In un mondo fatto di immagini il proprio corpo si è trasformato sempre più in un capitale estetico. E questo è ormai un effetto del capitalismo col quale conviviamo consapevoli. Ma c’è a chi non basta un ritocco al naso, al labbro, al seno ecc. Per incanalarsi meglio nelle dinamiche lavorative di un paese, c’è chi ha pensa bene di farsi occidentalizzare i connotati. Il fenomeno della chirurgia plastica etnica è ormai in espansione. Vediamo chi ricorre a questi tipi di interventi e perché.

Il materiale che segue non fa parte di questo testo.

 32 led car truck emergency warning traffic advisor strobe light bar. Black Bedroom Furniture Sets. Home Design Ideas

Tutti pazzi per la “libertà” occidentale
A ricorrere alla chirurgia plastica etnica sono anche persone provenienti dal mondo musulmano, come l’Iran. I dati ufficiali dicono che fino a 40.000 interventi di chirurgia estetica si svolgono in Iran ogni anno. Più del 60% dei quali sono lavori al naso, ha affaermato Amirizad, un membro dell’Associazione iraniana dei chirurghi cosmetici e plastici. Molte donne costrette al velo, nonostante il burqa, usano la chirurgia plastica per occidentalizzare i propri tratti somatici. Dalla Cina agli USA, il fenomeno della chirurgia plastica etnica è in espansione. In molti, dalle classi medie asiatiche agli immigrati in Europa, ricorrono ad interventi chirurgici sul proprio corpo. Secondo La Società di medicina estetica italiana, nel nostro Paese sono per la maggior parte persone di seconda e terza generazione. Gli interventi più comuni avvengono sul viso e sono davvero tante le donne asiatiche che scelgono di ricorrere a questo tipo di chirurgia estetica.

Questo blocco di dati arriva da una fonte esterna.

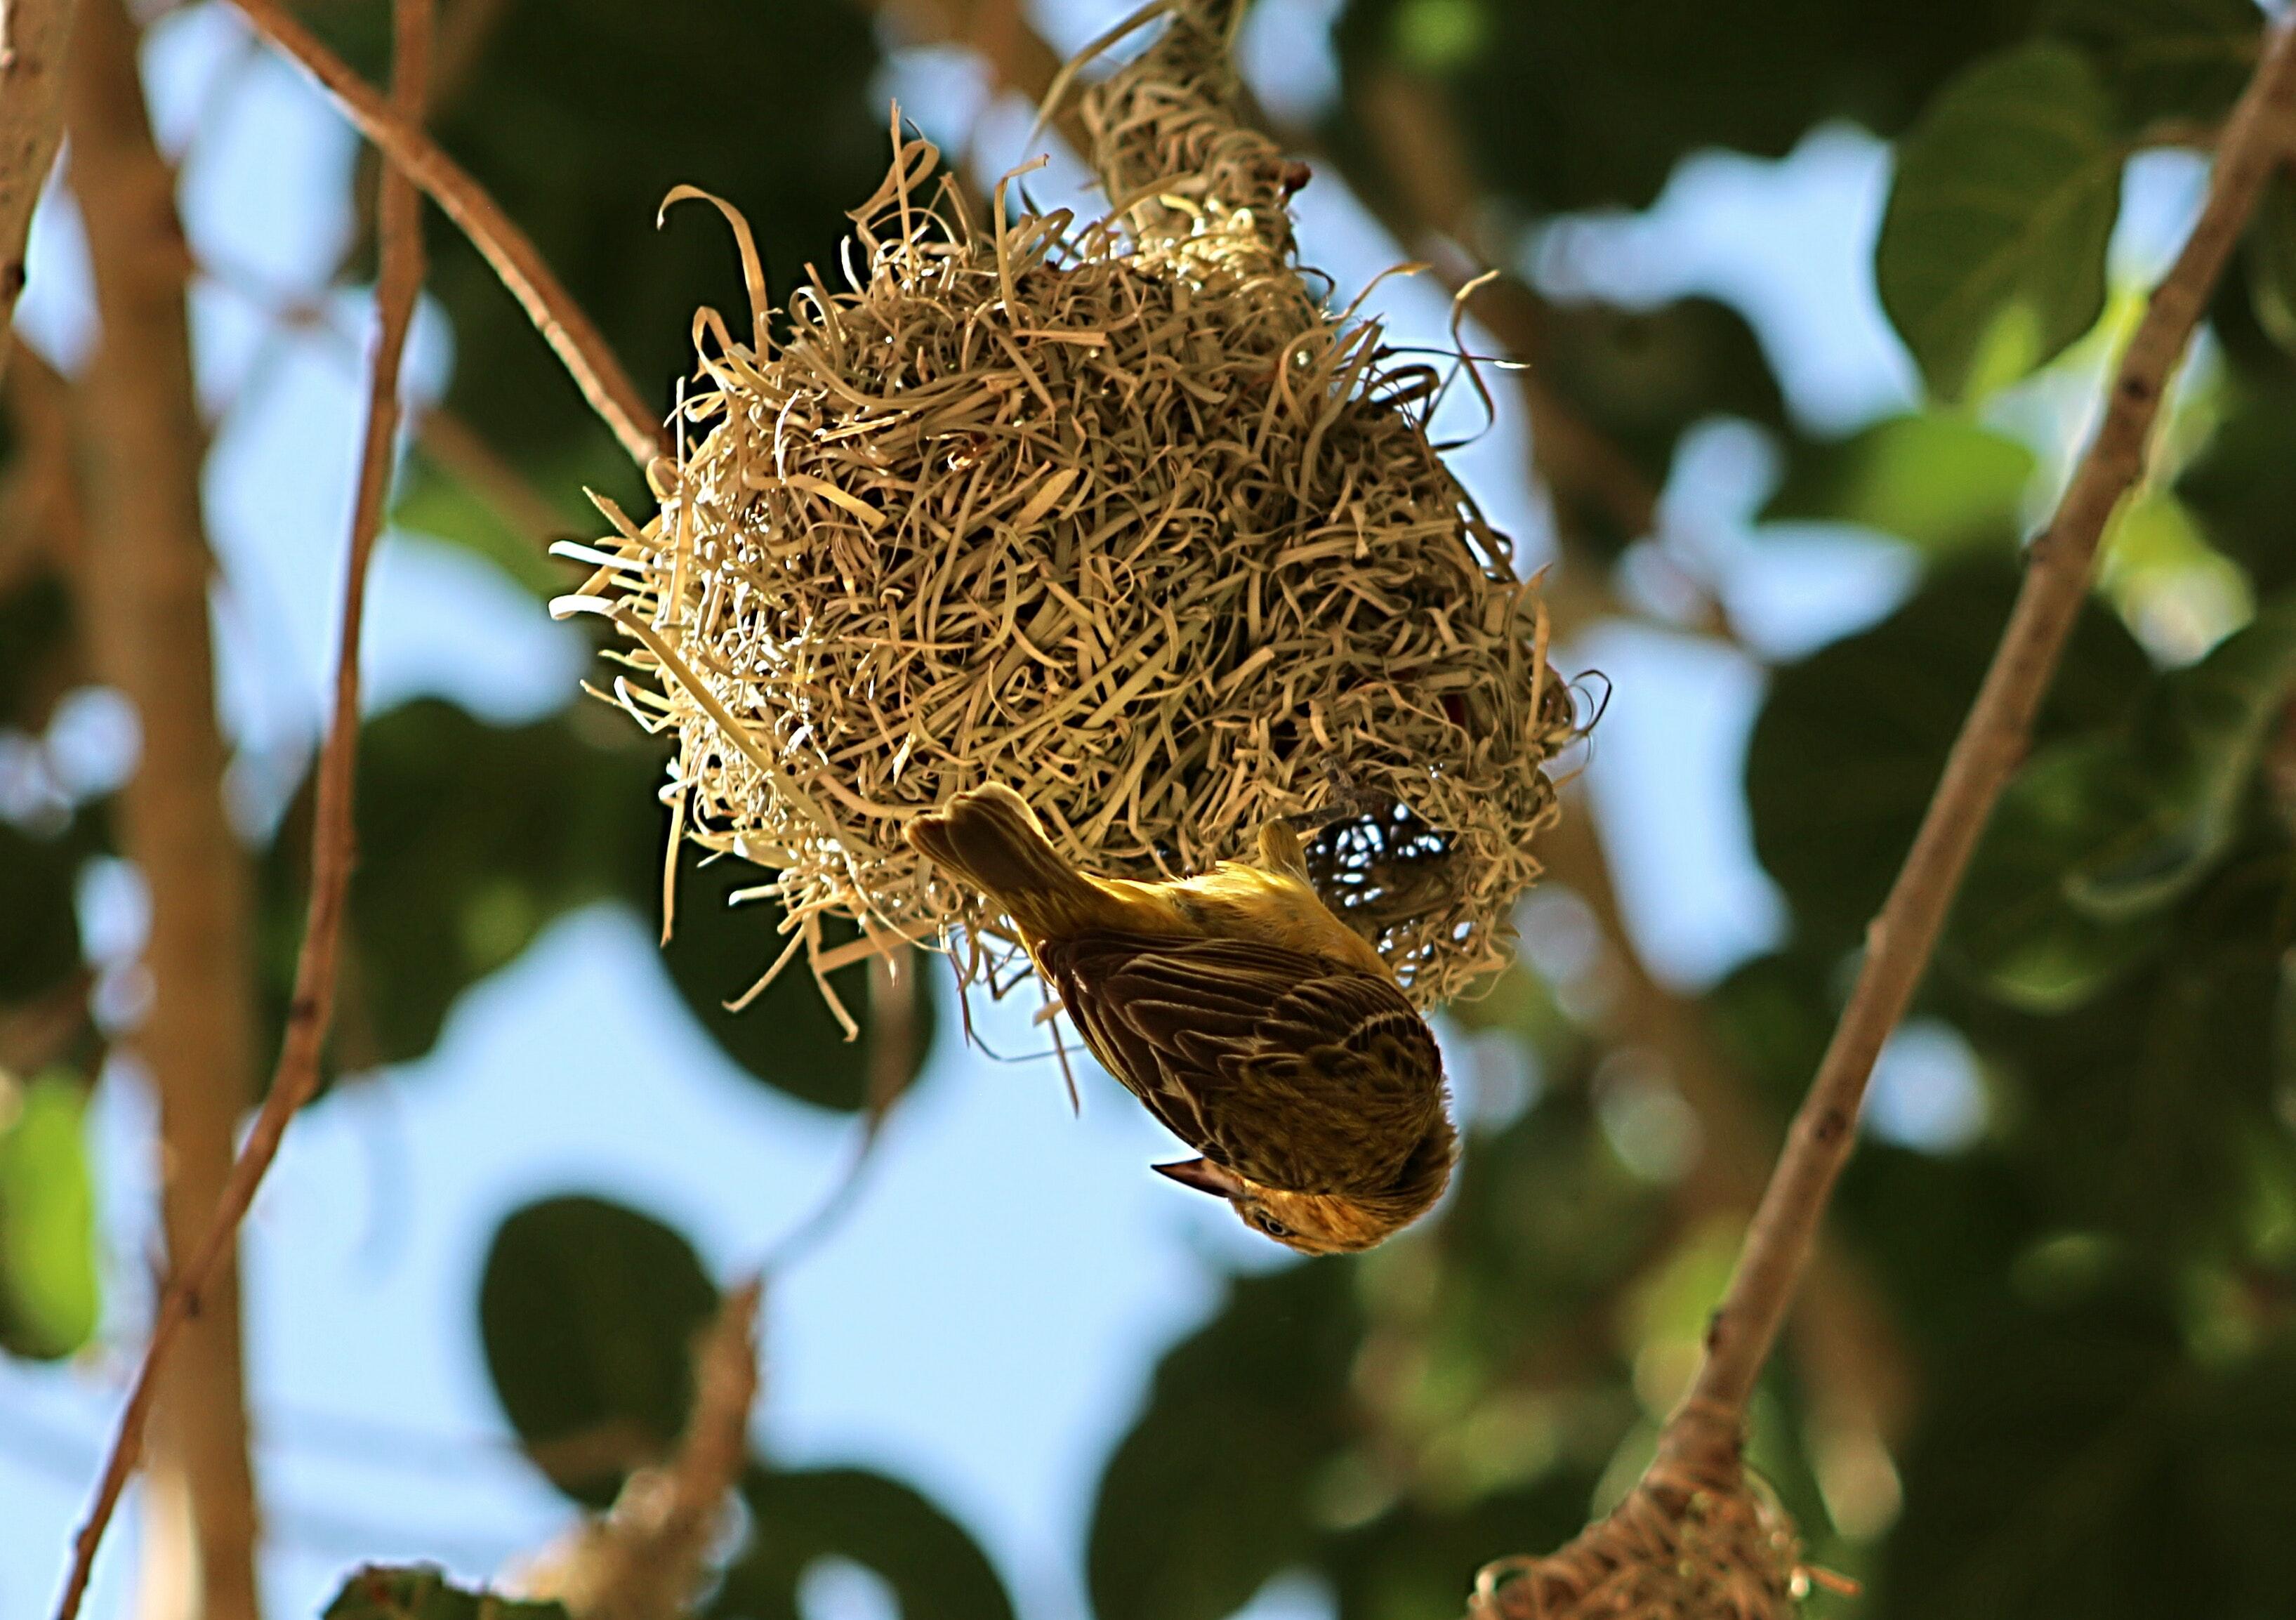 Картинка птица в гнезде на дереве

La chirurgia plastica etnica come strumento per farsi accettare
Si vuole aderire a una società che fa del corpo uno strumento per affermare la propria “libertà” individuale. Si cerca la bellezza materiale e, quella più a “portata di mano”, la si può ricavare dal proprio corpo. Per molte persone l’adattamento a una realtà socioculturale diversa passa per la trasformazione del proprio corpo. Pratiche come la chirurgia plastica etnica hanno un impatto psicologico molto forte: non si dice più addio a una imperfezione o a una parte del corpo con cui non si è mai fatto pace, ma quello che si abbandona è una società a cui si decide di non voler più appartenere, almeno nell’apparenza. Si cerca di “naturalizzare” la propria provenienza biologica e culturale alle forme di una specifica area geografica del mondo.